Таким образом, реальность в китайской традиции понимается как Одна (в смысле сплошная) Перемена (и хуа). Этим понятием обосновывается органическая преемственность мира и человека в китайской мысли, которая всегда исходила из посылки о том, что человек пребывает в мире, а мир – в человеке.

Речь идет, впрочем, не о субстантивном тождестве того и другого. В континууме Одной Перемены человек и природа претерпевают превращения, преодолевают себя, смыкаются по пределу своего существования. Способ бытия Перемены (неотличимой, кстати, от бесконечного ряда метаморфоз мира) и есть не что иное, как граница, сама предельность существования. Но это граница, которая обусловливает полноту бытия каждой вещи; она равнозначна "таковости", или "самоестественности" (цзы жань) всего сущего.

По той же причине бытие Превращения есть одновременно единое и единичное, принцип единства и принцип множественности.
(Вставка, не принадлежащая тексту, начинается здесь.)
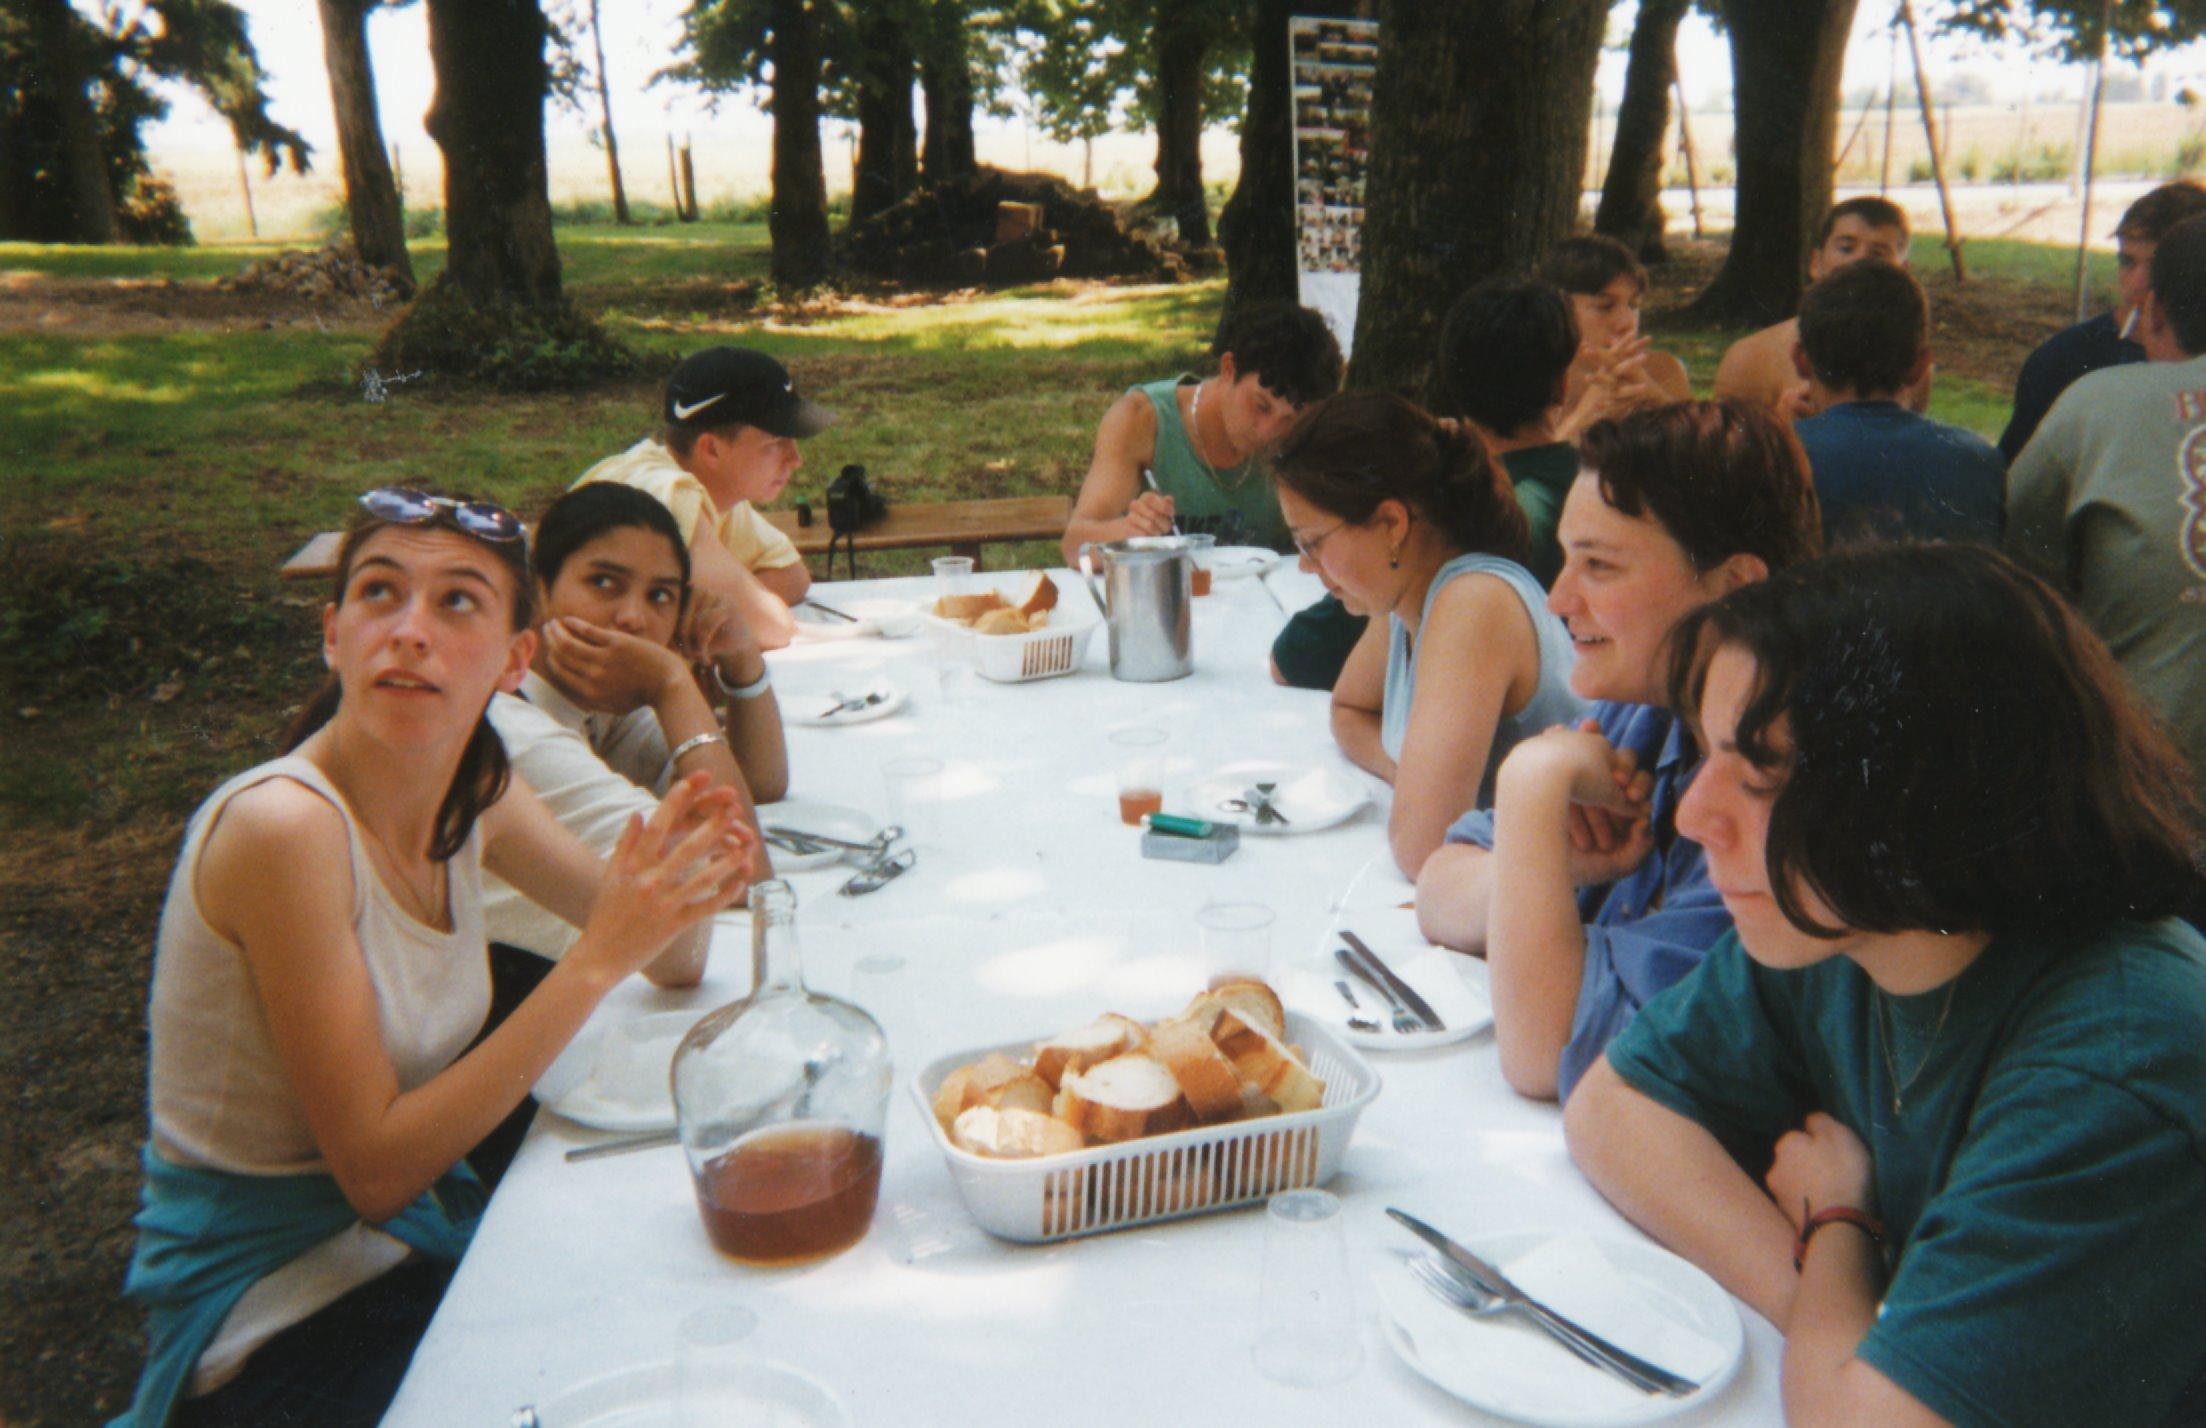 Archives anciens élèves mfr puy-sec 1995 (2)

Оно извечно проецирует себя вовне, опознается одновременно как нечто отсутствующее, сокровенное и предельно обнаженное, пребывающее в "тени" и "следе" – явленности без содержания. Оно предвосхищает формы и исчезает даже прежде, чем обретет зримый образ. Оно есть внутренний прообраз виртуальной реальности, бесконечного потока становления, семя жизни, которое неотличимо от предельной полноты жизненных свойств вещей.
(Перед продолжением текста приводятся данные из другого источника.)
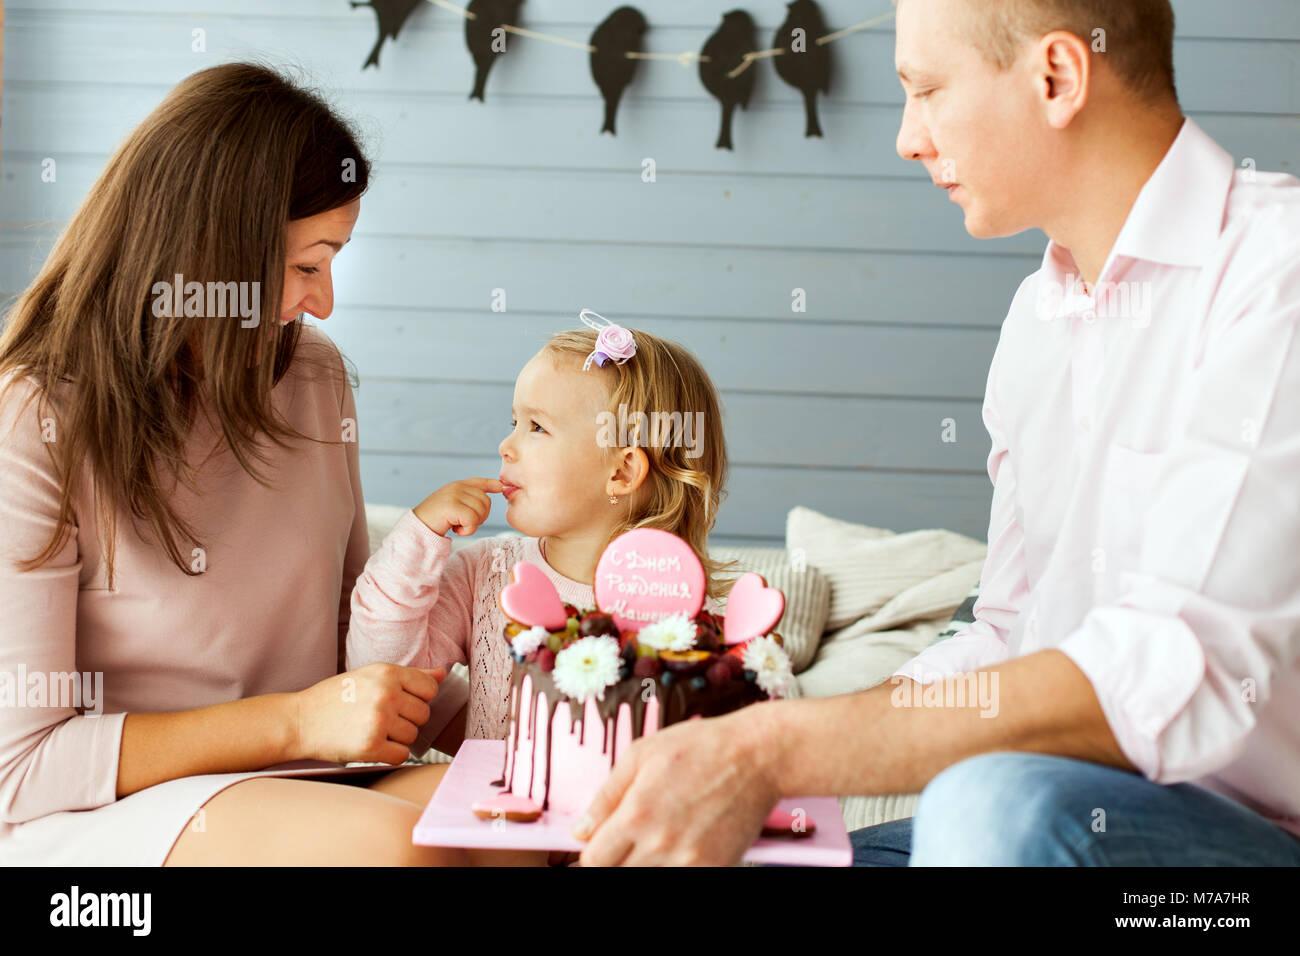 Les parents avec un peu jolie fille. Girl essaie le gâteau avec son doigt Photo Stock

В свете философемы Превращения человек и мир, как и все вещи, вовлечены в беспредельный поток перемен; они связаны отношениями не просто подобия, а, так сказать, преображающего взаимодействия, творческой совместности. Качество всегда уникально, и вещи в китайской картине мира никогда не тождественны, но пребывают в "согласии" (хэ). В человеке, согласно философии Перемен, под внешним ("человекообразным") обликом пребывает нечто совсем иное – бездонная глубина пустого, покойного, безмолвного, "чуждого человеческим понятиям" Неба, несотворенное не-единство Хаоса. Да, Хаоса, ибо китайская традиция выстроена на онтологии множества и чистого различия, предельной рассеянности, не скрываемых никаким обобщением, никаким трансцендентным принципом.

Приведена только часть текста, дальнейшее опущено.